Over two days the cervix is dilated. Then an ultrasound device and forceps are used to reach in and grab the baby’s feet. The little body is pulled downward until just the head remains in the cervix. Next the abortionist grasps the nape of the neck and cuts open the back of the skull with blunt scissors. A device called a cannula is then inserted into the wound and the brain material is sucked out. If kidneys or other organs are desired, they are removed while the child is still partially in the vagina. Initially at least, these surgical procedures are performed on a live baby who has not specifically been anesthetized (although the mother’s medication may reduce some of the pain).9

Abortion is also performed by a procedure called Dilation and Curettage (D & C), in which a tiny hoe is used to chop the baby’s body to pieces. The body is then scraped off the wall of the uterus and subsequently reassembled to ensure that no remaining parts have been left behind.

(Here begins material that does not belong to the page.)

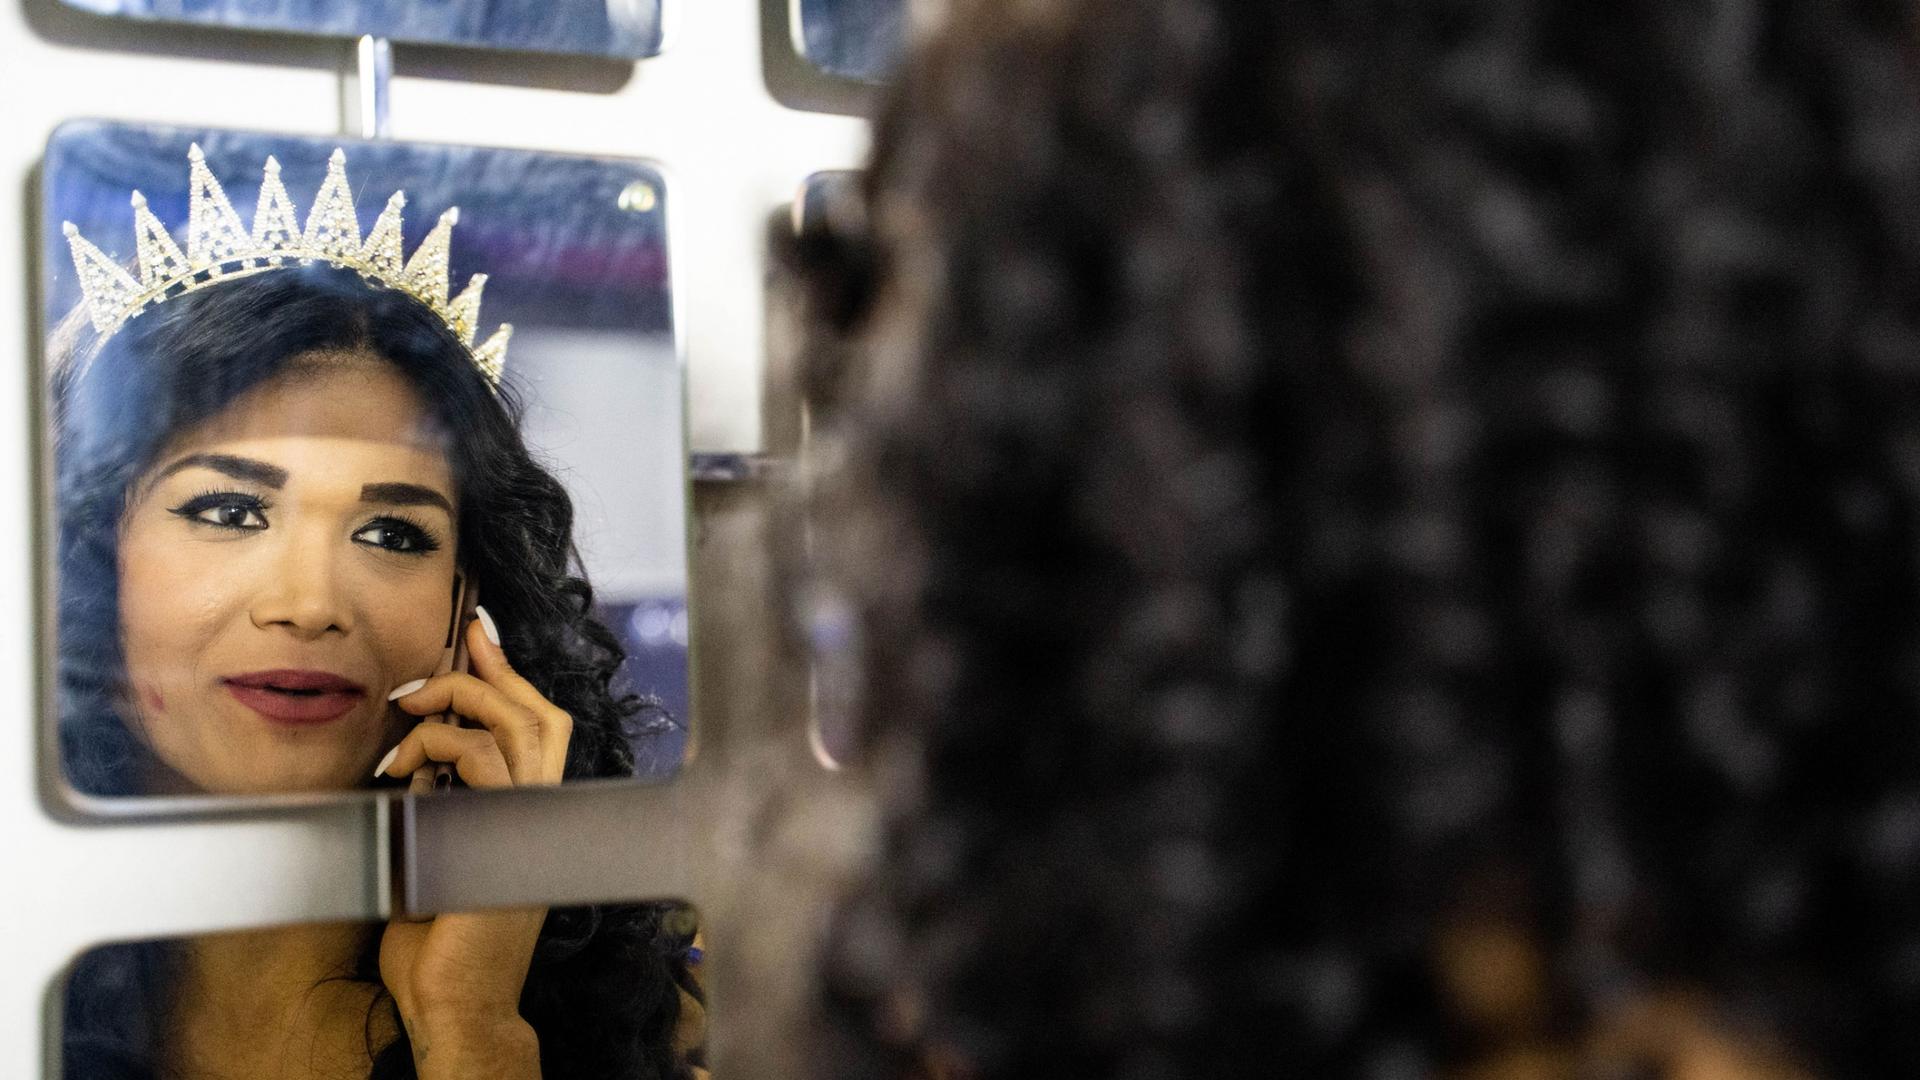 A transgender woman is shown in the reflection of a mirror holding a phone to her hear and wearing a crown.

Other methods include:

Saline Solution — a salt solution is injected into the amniotic fluid, burning the skin off the baby who, after thrashing in the uterus for a number of hours, is reduced to a shriveled corpse;

Suction — presently two-thirds of all abortions in the United States and Canada are carried out using a suction tube, which tears the child apart and deposit the pieces into a jar;

Hysterotomy — similar to a Caesarean section, except it is designed for the express purpose of killing rather than saving the baby;

Prostaglandin — the injection of a chemical into the uterine muscle, causing it to react violently, thus expelling the preborn child (the few children who survive decapitation resulting from the violent contractions are exterminated after delivery).

What is Abortion?- Killing

Abortion involves killing because the zygote, which fulfills the criteria needed to establish the existence of biological life (including metabolism, development, the ability to react to stimuli, and cell reproduction), is indeed terminated.

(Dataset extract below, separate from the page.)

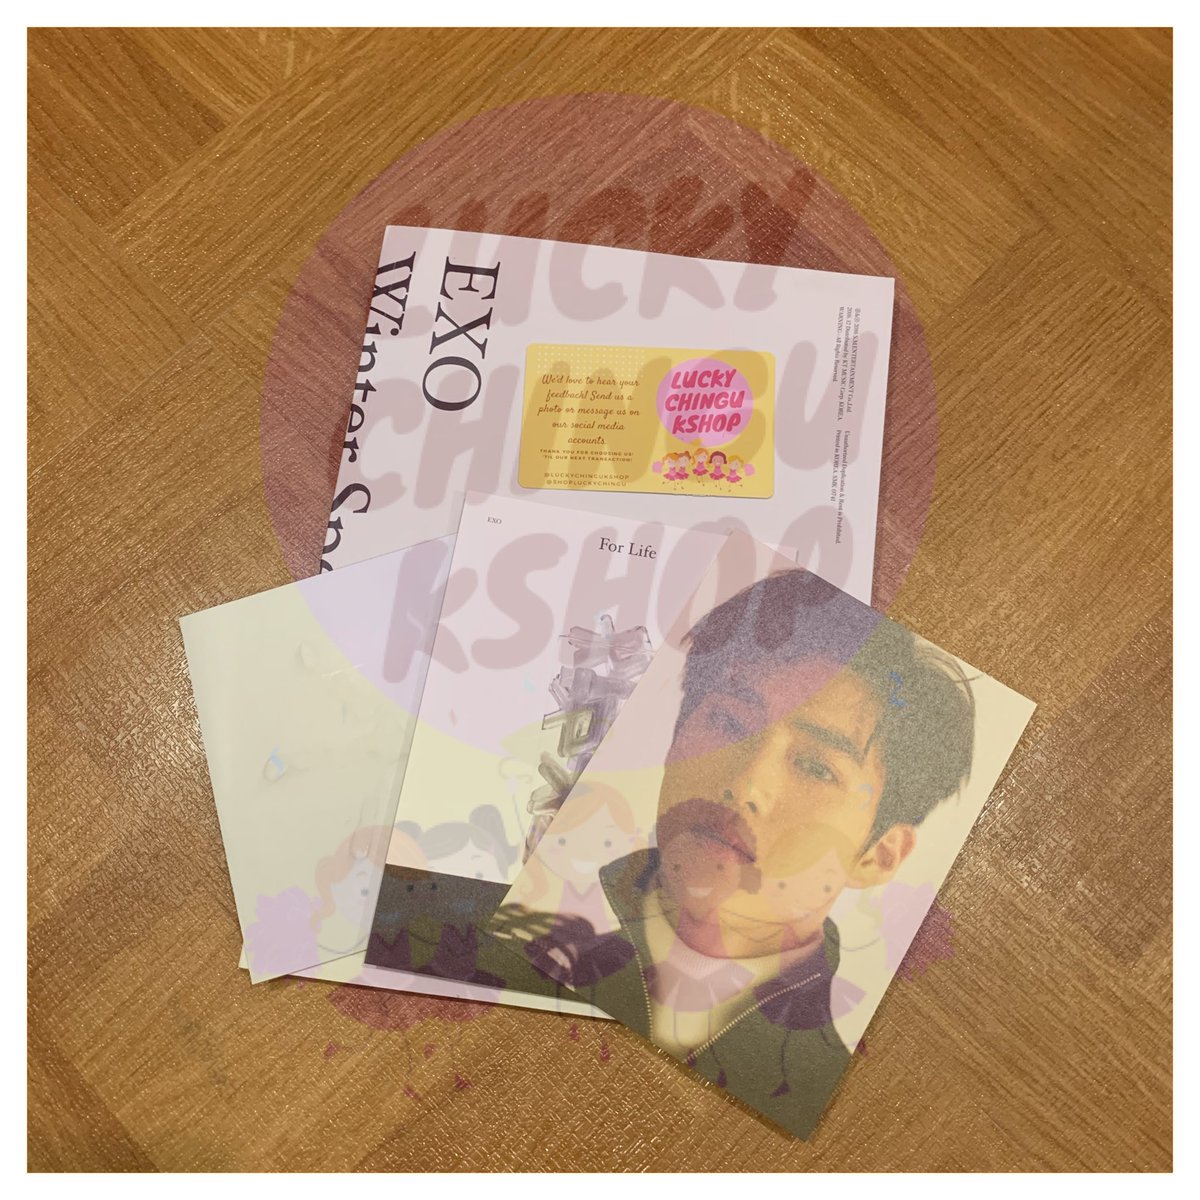  EXO - WINTER SPECIAL ALBUM [FOR LIFE] - P350.00INCLUSIONS : 2 CDs PHOTOBOOK POSTCARD (SUHO)

What is Abortion?- Innocent

While it is true that everyone is conceived and born in sin, preborn children are innocent because they have done nothing wrong. They deserve protection, not capital punishment.

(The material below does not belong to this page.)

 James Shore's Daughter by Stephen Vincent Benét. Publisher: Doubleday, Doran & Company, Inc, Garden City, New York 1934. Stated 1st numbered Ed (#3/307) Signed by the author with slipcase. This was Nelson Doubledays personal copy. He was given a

What is Abortion?- Human Being

The living baby in the mother’s womb is a human being because he or she is the product of human parents and has a totally distinct human genetic code. This truth that abortion terminates the life of a human being is substantiated by science:

• As Dr. Micheline Matthew-Roth, a principal research associate at Harvard Medical School’s Department of Medicine, puts it, “It is scientifically correct to say that an individual human life begins at conception, when egg and sperm join to form the zygote, and this developing human always is a member of our species in all stages of its life.”10

• French geneticist Jerome L. LeJeune bore eloquent testimony to the truth of Dr. Matthew-Roth’s remarks when he gave the following testimony to a United States Senate sub-committee: “To accept the fact that after fertilization has taken place a new human has come into being is no longer a matter of taste or opinion. The human nature of the human being from conception to old age is not a metaphysical contention, it is plain experimental evidence.”11

• Perhaps Dr. Hymie Gordon, professor of medical genetics and a physician at the prestigious Mayo Clinic, best summarized the perspective of science when he said, “I think we can now also say that the question of the beginning of life — when life begins — is no longer a question for theological or philosophical dispute. It is an established scientific fact. Theologians and philosophers may go on to debate the meaning of life or purpose of life, but it is an established fact that all life, including human life, begins at the moment of conception.”12

Long before science substantiated the truth that abortion is the painful killing of an innocent human being, the psalmist summarized the view of sacred Scripture with these words:

For you created my inmost being; you knit me together in my mother’s womb. I praise you because I am fearfully and wonderfully made; your works are wonderful, I know that full well. My frame was not hidden from you when I was made in the secret place. When I was woven together in the depths of the earth, your eyes saw my unformed body. All the days ordained for me were written in your book before one of them came to be.